Я взобрался на клен ровно без пятнадцати двенадцать. Я запомнил точное время, потому что часы на башне как раз пробили четверть. И я не захватил никаких книг; все, что у меня было с собой, – довольно странное обстоятельство, как вы увидите впоследствии, – это засунутая в карман газета. Дерево – вы, наверное, это заметили? – поднимается мимо одного из окон Боскомба. Никаких проблем из-за этого у меня никогда не возникало: его окна всегда были закрыты и занавешены плотными черными шторами. Но сегодня я заметил нечто из ряда вон выходящее. Светила луна, свет падал прямо на окна, и я увидел, что в окне напротив дерева разбито стекло одной из створок и сама она прикрыта неплотно.
Забавно, как работает человеческий мозг. Единственное, о чем я тогда подумал, – что мне придется быть осторожнее, а то Боскомб услышит шорох или шелест ветвей. Но когда я уже перекинул ногу через водосточный желоб, мне вдруг пришло в голову заглянуть к Боскомбу.
Я подождал, пока дыхание восстановится, потом подобрался к окну на крыше. На открытых местах мне пришлось пригибаться очень низко, поскольку луна светила ярко, а я не хотел, чтобы меня видели из других домов. Тут-то я и услышал доносившийся из комнаты голос – очень тихий, почти что шепот. У меня вдруг все похолодело внутри, желудок сжался в тугой комок, а руки так затряслись, что я едва не упал вперед на острый край рамы. Боскомб говорил: «Мы сделаем дело ровно через пятнадцать минут – или никогда. Теперь уже слишком поздно отступать».

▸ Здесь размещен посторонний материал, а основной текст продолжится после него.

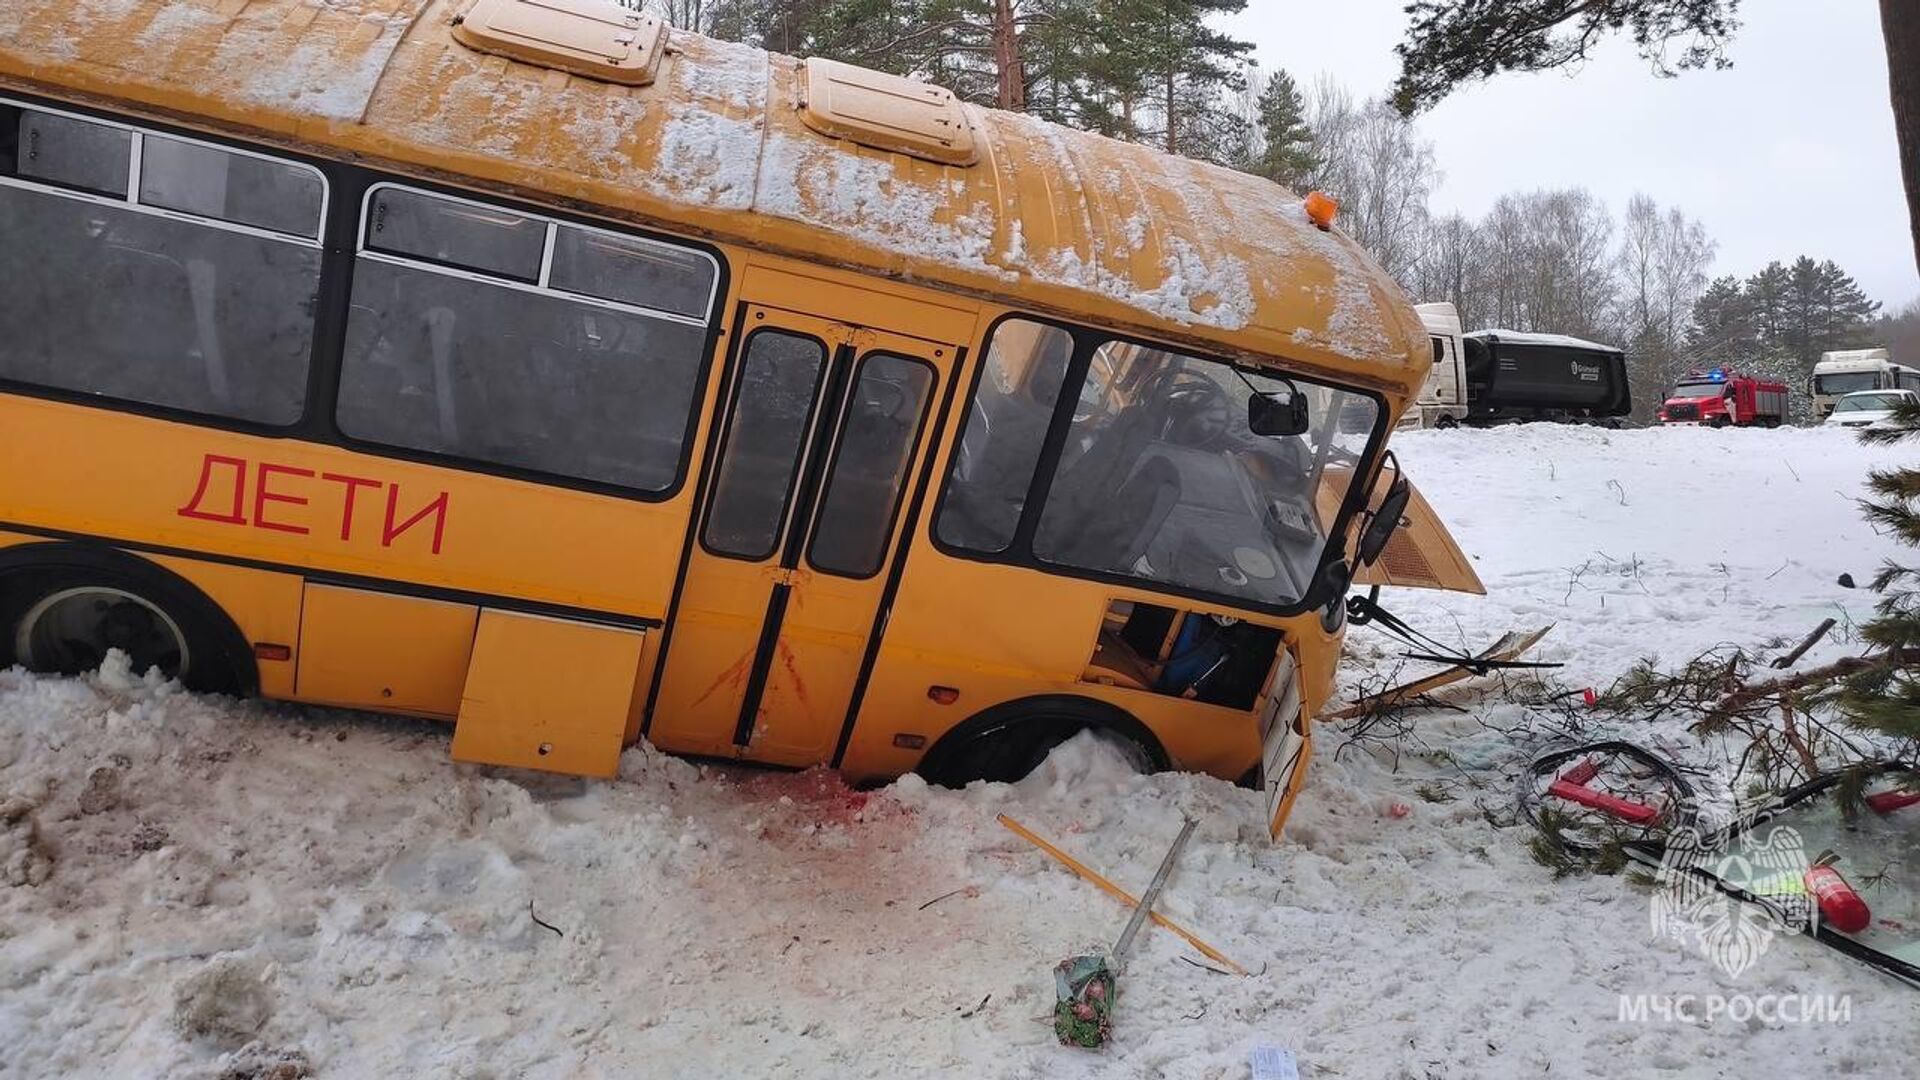 В Севастополе троллейбус столкнулся со скорой , четверо пострадали
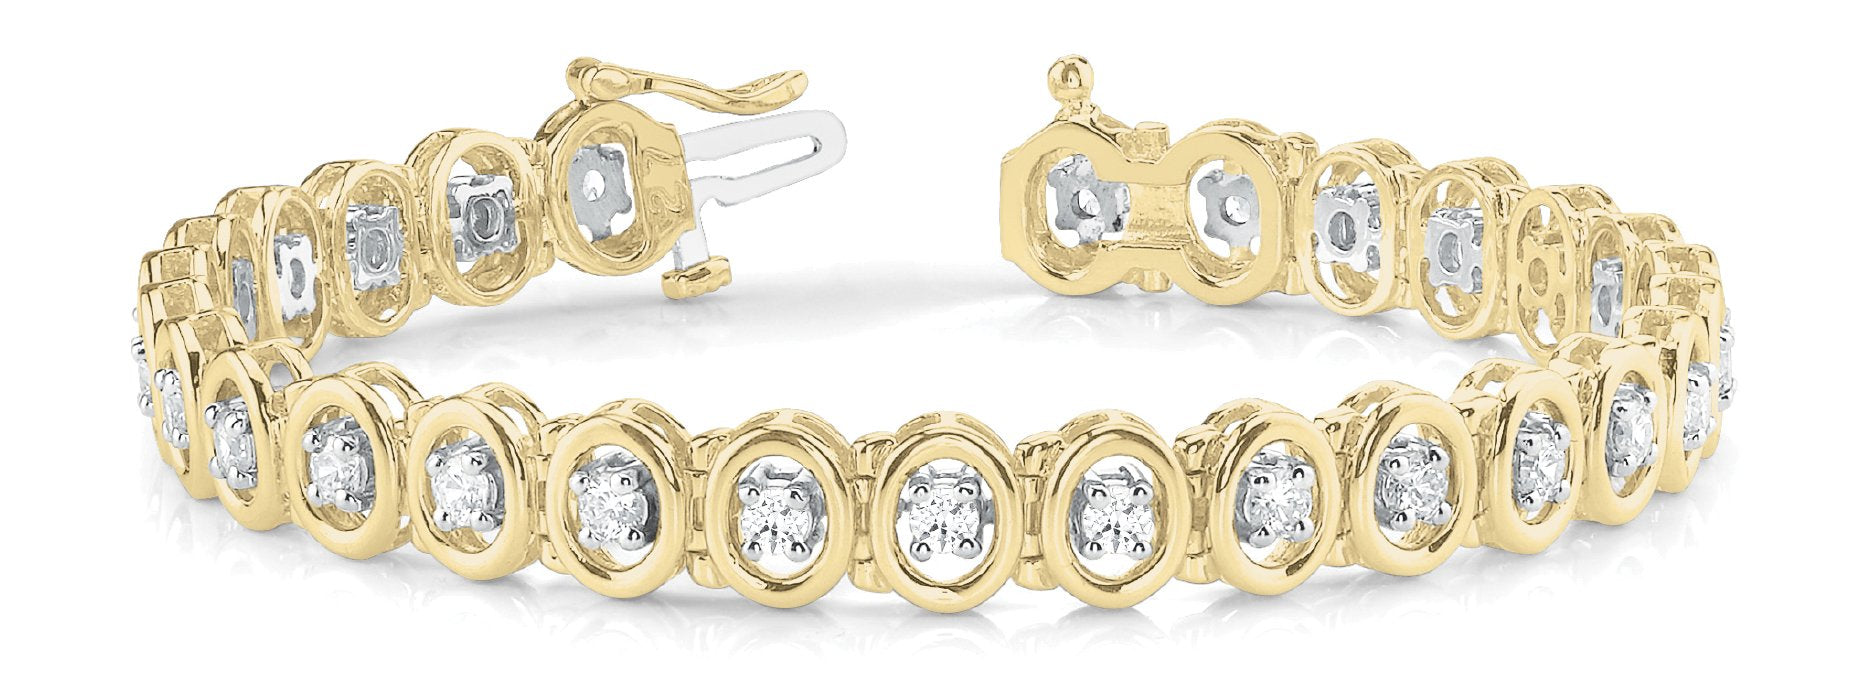 Fancy Diamond Bracelet Ladies 3.04ct tw - 14kt Gold

Меня так трясло, что пришлось растянуться по скату крыши во весь рост. Пальто сбилось мне под мышки и, понимаете, так все перекрутилось, что чертова газета понемногу вылезла из кармана. Повернув голову, я мог видеть ее так же… так же близко, как человека, который собирается в вас стрелять. Лунный свет падал прямо на нее, и я прочел сверху дату: «Четверг, 4 сентября».